Equipment deployment
It is recommended to use the cuda platform, because the inference speed of the CPU only is slow, which basically cannot meet the requirements of realistic scenes.
5. Frequently asked question (FAQ)
1. If I don't want to use the recommended environment configuration, what is the order for selecting versions when manually installing the environment?
Operating system -> GPU driver version -> cudnn version -> cuda version -> torch version -> torchvision version -> python version
Perform installation and adaptation in the order listed above.
2. What factors mainly affect the speed of image tracking?
The main factor is the hardware computing power, the higher the computing power, the shorter the tracking time, without affecting tracking results.

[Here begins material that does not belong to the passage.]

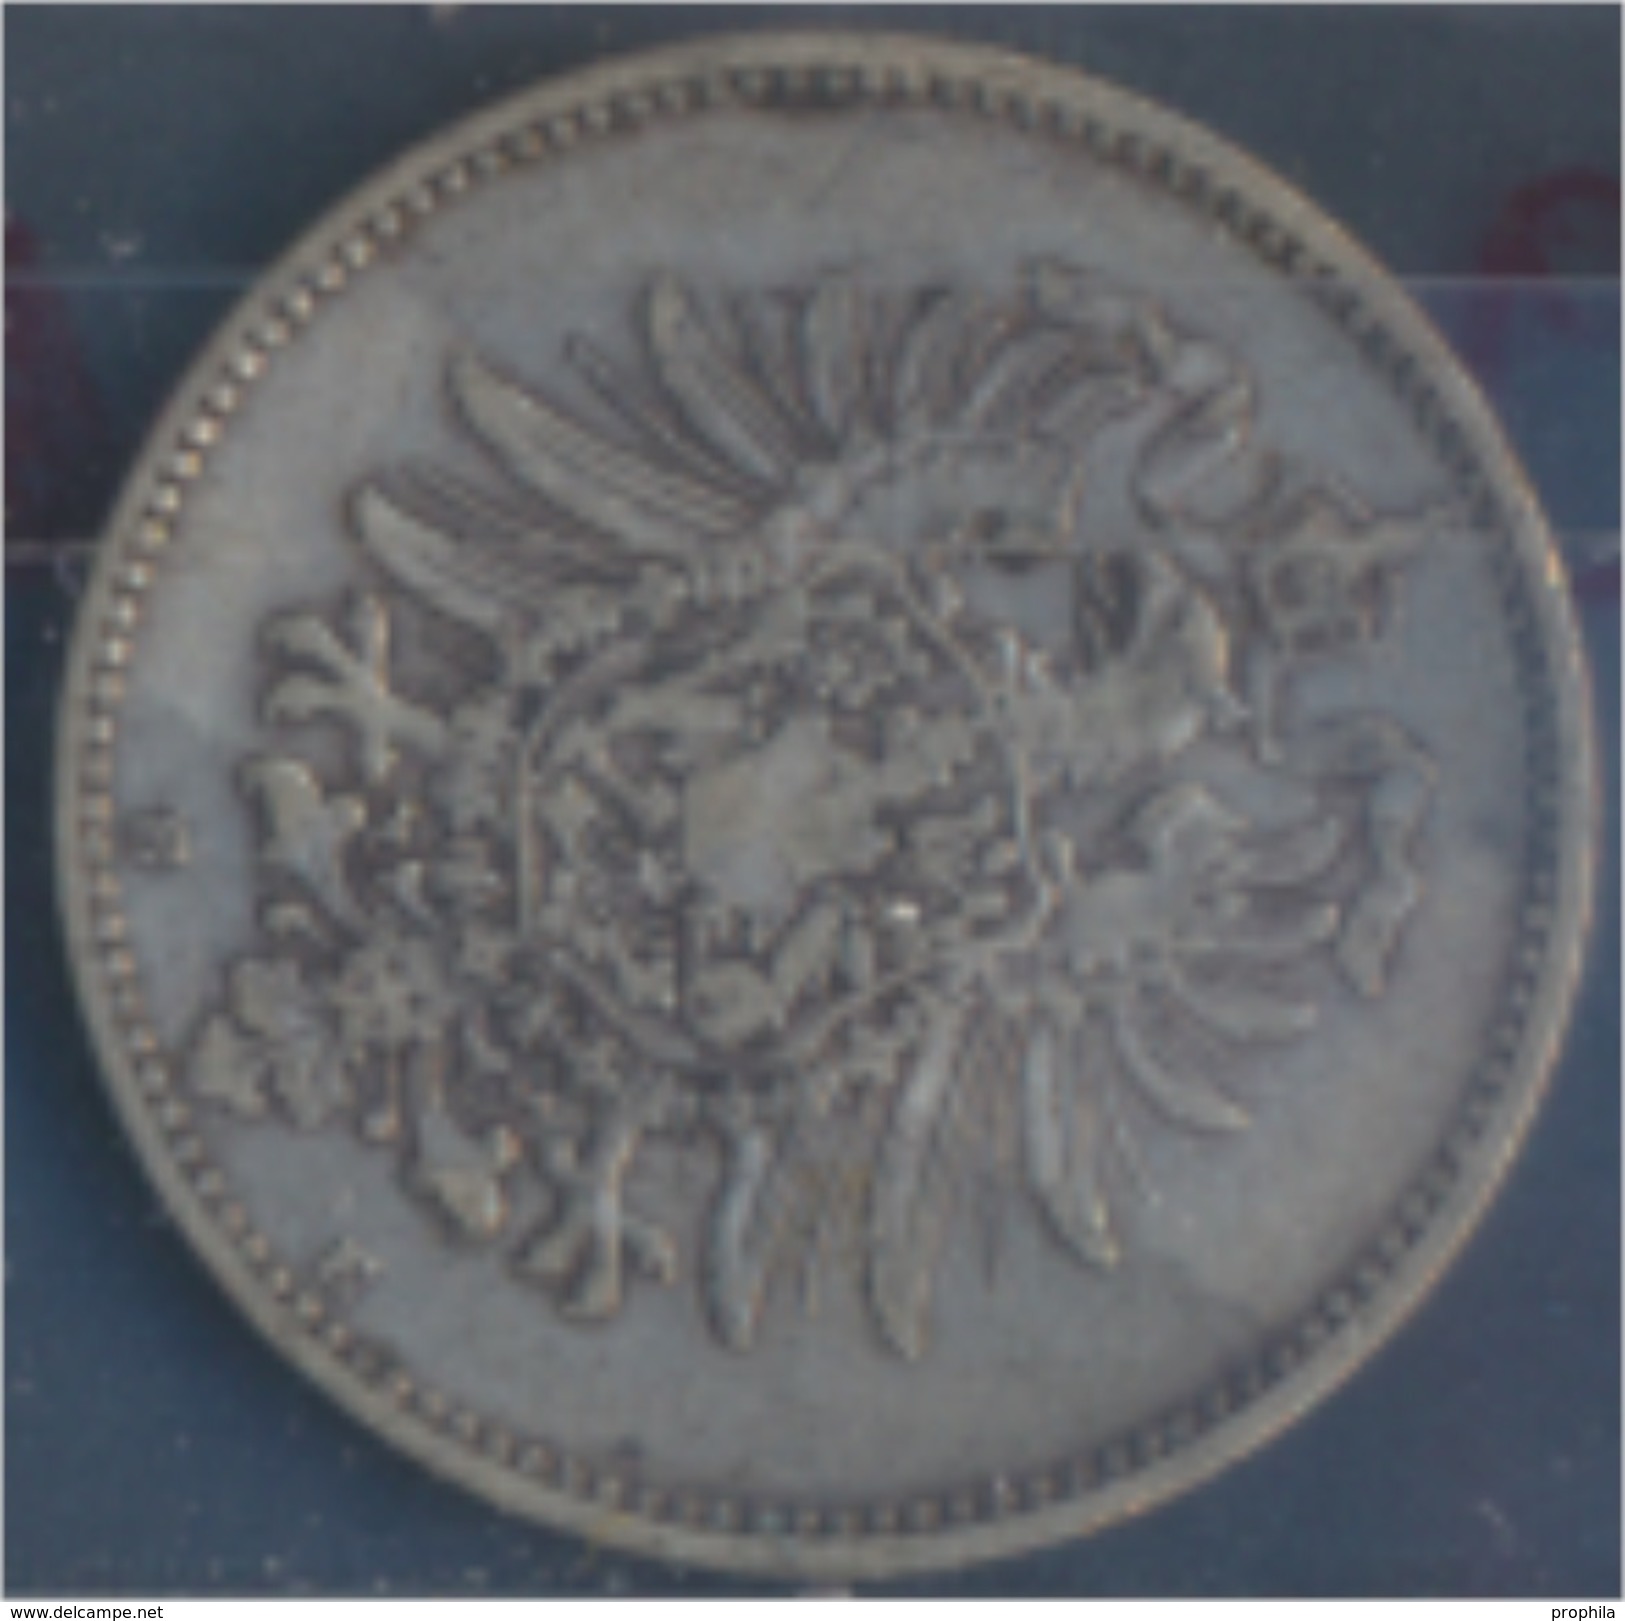 Deutsches Reich Jägernr: 9 1881 E Vorzüglich Silber 1881 1 Mark Kleiner Reichsadler (7849056 - 1 Mark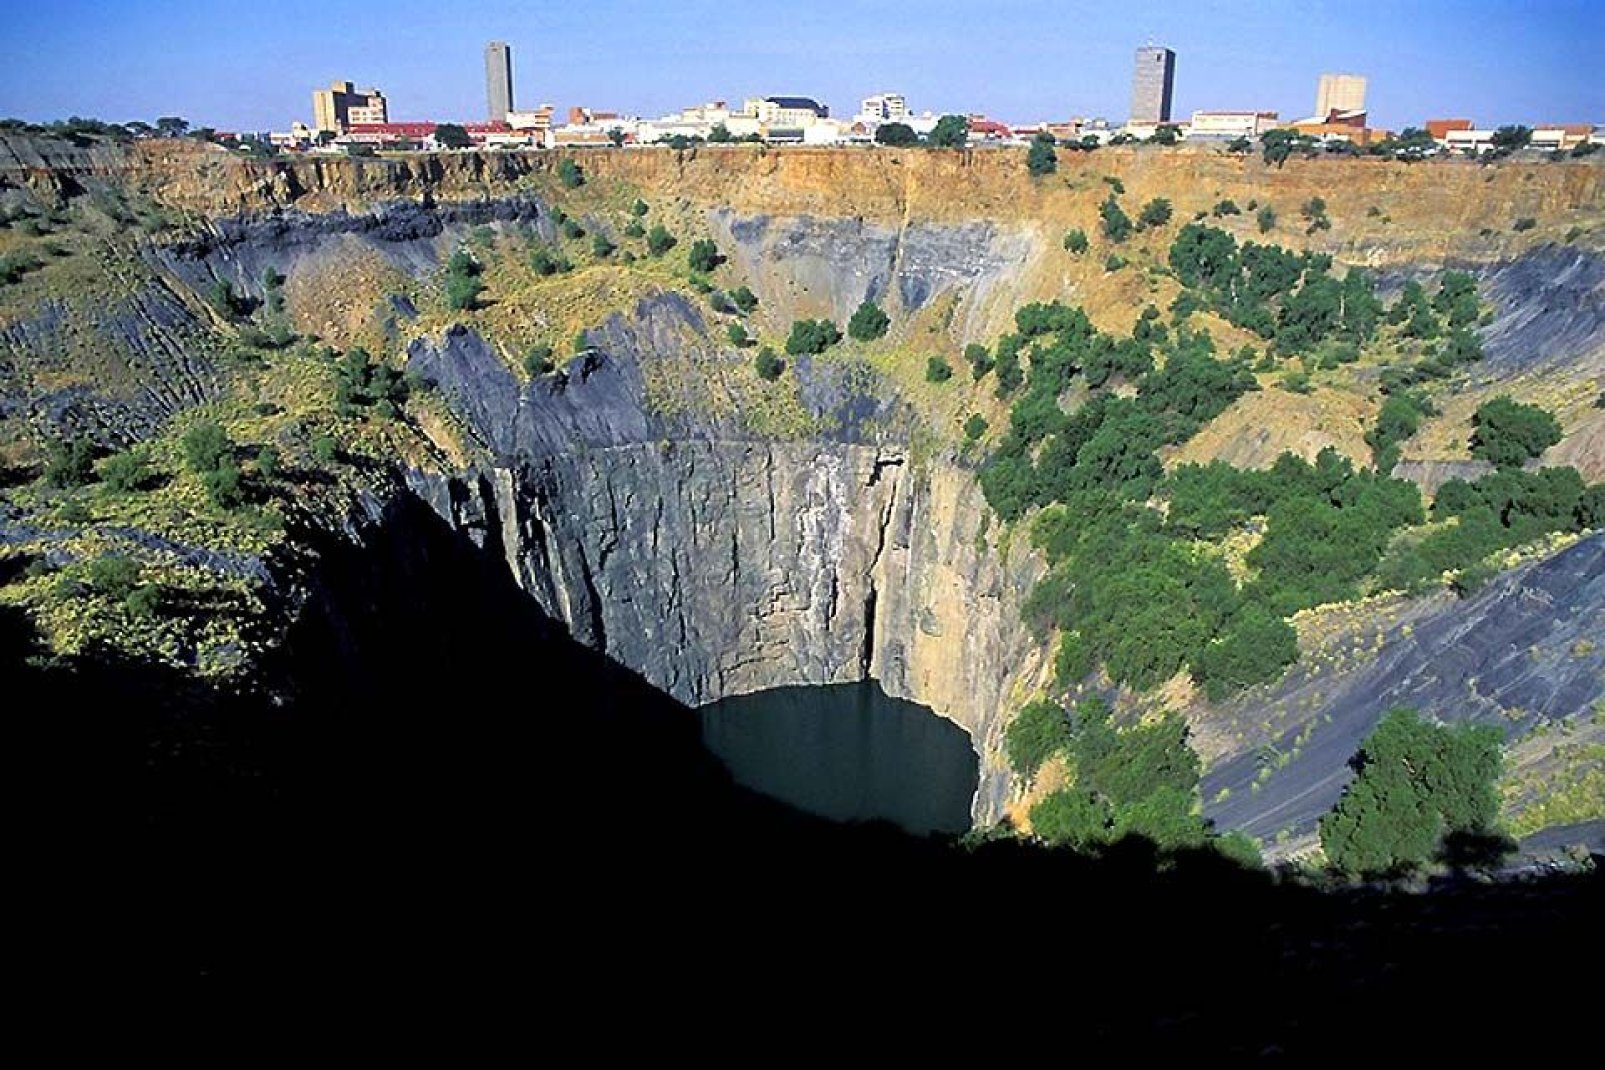 El Big Hole es una antigua mina de Kimberley. En el siglo XIX un niño descubrió el diamante Eureka, lo que desató una auténtica fiebre por ese mineral.

3. What measures can be taken in case of poor tracking performance?
You can adjust the parameters of the Xmem model and increase the number of recorded key points. At the same time, you should also ensure a smoother video stream with minimal jitter or shaky frames.
4. How should I use this model in robot development?
The final output of the segmentation is a mask. Based on the mask, you can extract point information about the object, such as the center point of the smallest bounding rectangle, the center point of the largest bounding rectangle, and the object's orientation in the image frame. By incorporating camera depth and camera intrinsic parameters, you can calculate the object's coordinates in the camera frame. If the calculation results in the robotic arm frame are required, additional transformations based on hand-eye calibration results are needed.
6. Update log
Update date | Update content | Version |
---|---|---|
2024.08.16 | New content | V1.0 |
7. Copyright and license agreement
- This project is subject to the MIT license.